Libyan exiles decried the visit's "indecent haste" and the tabling of human rights issues, particularly the bounties Libya has offered for assassinating expatriate dissidents since 1980. There continues to be a $1 million bounty on Ashur Shamis, the country's most prominent opposition leader, who now resides in Britain. Mr. Shamis, spuriously accused of links to Al-Qaeda by the Libyan Ministry of Justice and Public Security, is a case study in Col. Gaddafi's means of "fighting terrorism."

Mr. Blair is placing Britain in the uncomfortable position of partnership with a man who has sponsored terror since coming to power in 1970 --assassinating dissidents, supporting the PLO, IRA and practically any other group that requested funding, financing the Black September Movement responsible for the 1972 Munich Olympic massacre, often hiring the likes of Carlos the Jackal to do his dirty work, and directly organizing the 1986 Berlin discotheque bombing. And that's not to mention the 20-year occupation of Chad.  Then there's Lockerbie and Fletcher. Finally it was the stick of the air strikes ordered by President Reagan in response to the Berlin bombing (which missed Gaddafi but killed his adopted infant daughter) that began to cool his ardor -- or at least his active support -- for terror. Gaddafi largely shifted his ambitions from pan-Arabism to pan-Africanism, and focused more on stifling internal dissent, most famously when troops opened fire on pro- and anti-Gaddafi groups exchanging heated chants at a soccer match in Tripoli, sparking widespread rioting.

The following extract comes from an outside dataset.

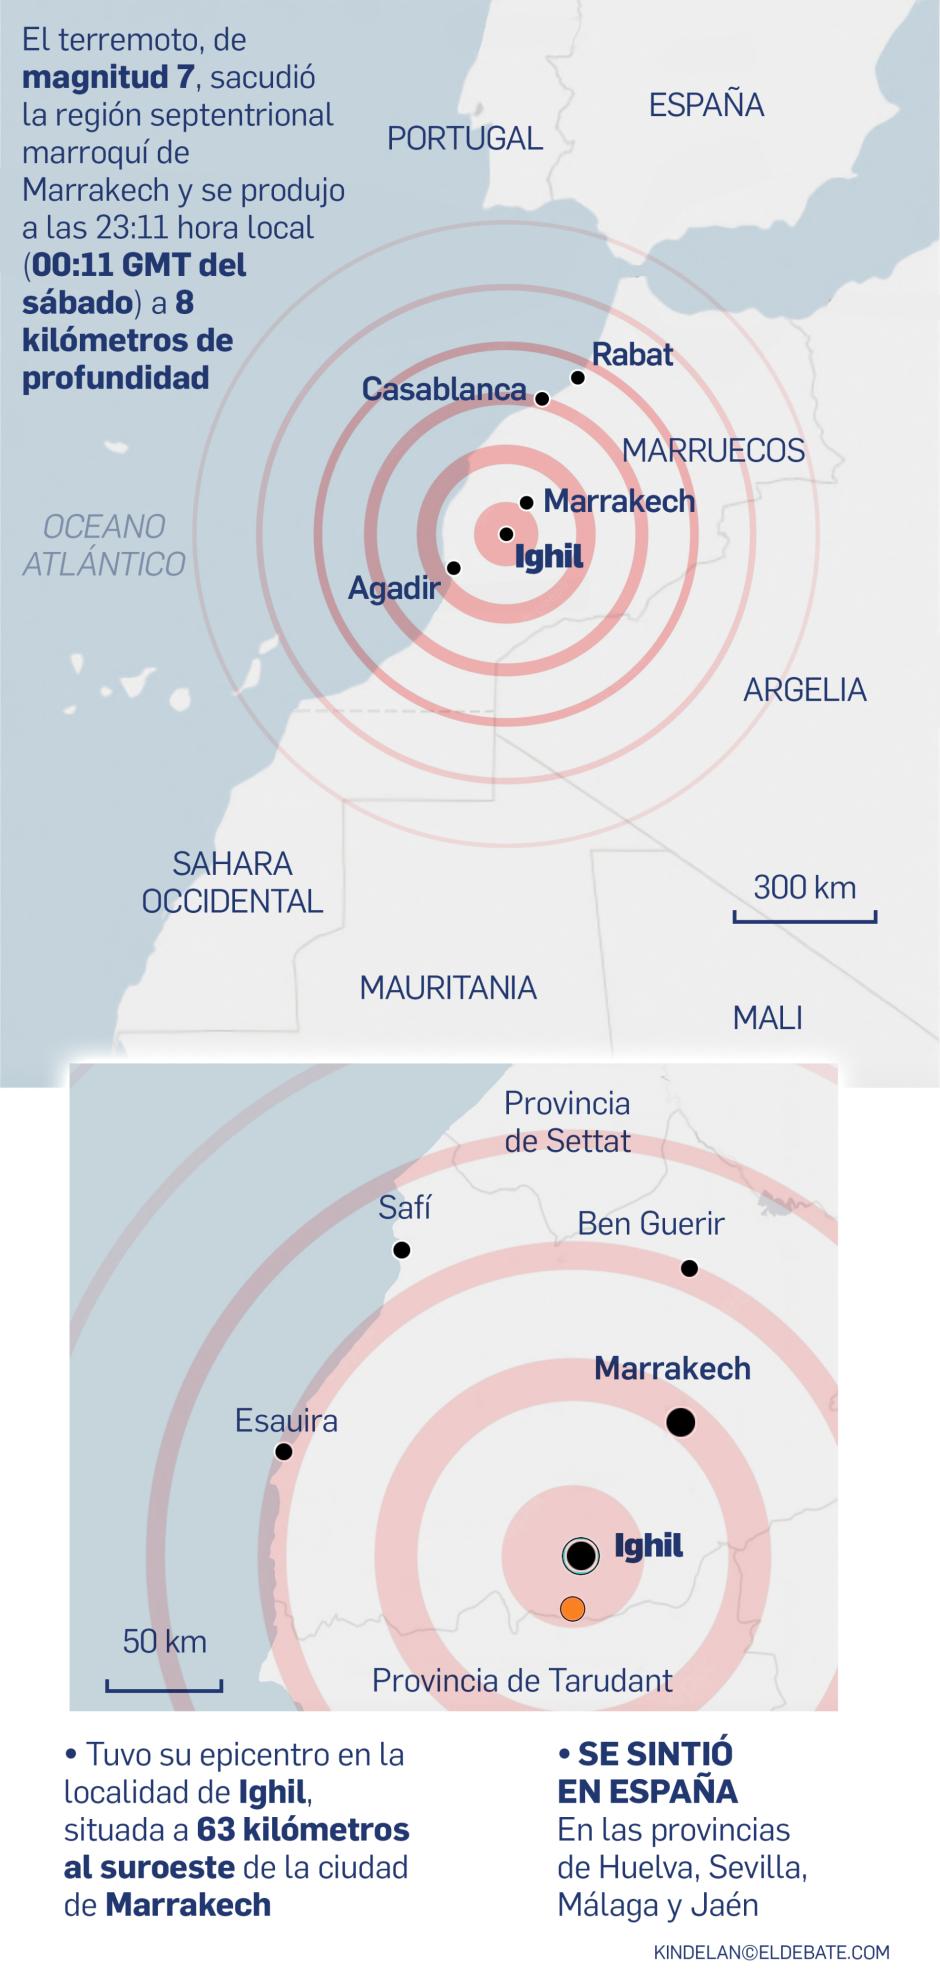 Infografía del terremoto en Marruecos

Unnerving as it is to realize, talk of humane governance in Libya is going to be a casualty of diplomacy both venal and pragmatic. Mr. Blair's visit brought with it the unveiling of a deal for Shell to develop Libyan liquefied natural gas for export forecasted to be worth $1 billion. As further agreements to exploit Libya's oil resources are formulated and Britain's economic stake grows, the U.K. will presumably become still more reticent to criticize Gaddafi's human rights record.

The most recent BP statistical review of British proven oil reserves reports that at current consumption levels the UK has only 5.4 years left before its proven oil reserves are depleted, and concludes that to ensure this doesn't result in an unprecedented energy crisis, a source of new plentiful, cheap and easily accessed petroleum needs to be found. Possessing a capacity to produce 1.7 million barrels daily of low sulfur crude oil at the price of $1 a barrel in some fields and a strategically convenient location in North Africa, Libya is in a strong position to fill in these energy gaps, no matter the nation's moral failings.

But while these concerns have certainly helped fast track Libya's rehabilitation process, they don't in themselves invalidate it. Since the fall of the Iron Curtain and even more so since 9/11, statesmen have had to concern themselves with the previously unthinkable prospect of poor states with mercurial leaders using nuclear devices in anger or selling them for profit. The lessons learned since Pakistan mastered the nuclear cycle is that third world nations without legitimate sources of income will turn, invariably, to weapons sales to pay their bills, becoming in effect epidemiological pumps of enrichment centrifuges and black market plutonium. We've no objection to extending carrots to those who stop such behavior, so long as, oil or no, Gaddafi still knows to fear the stick.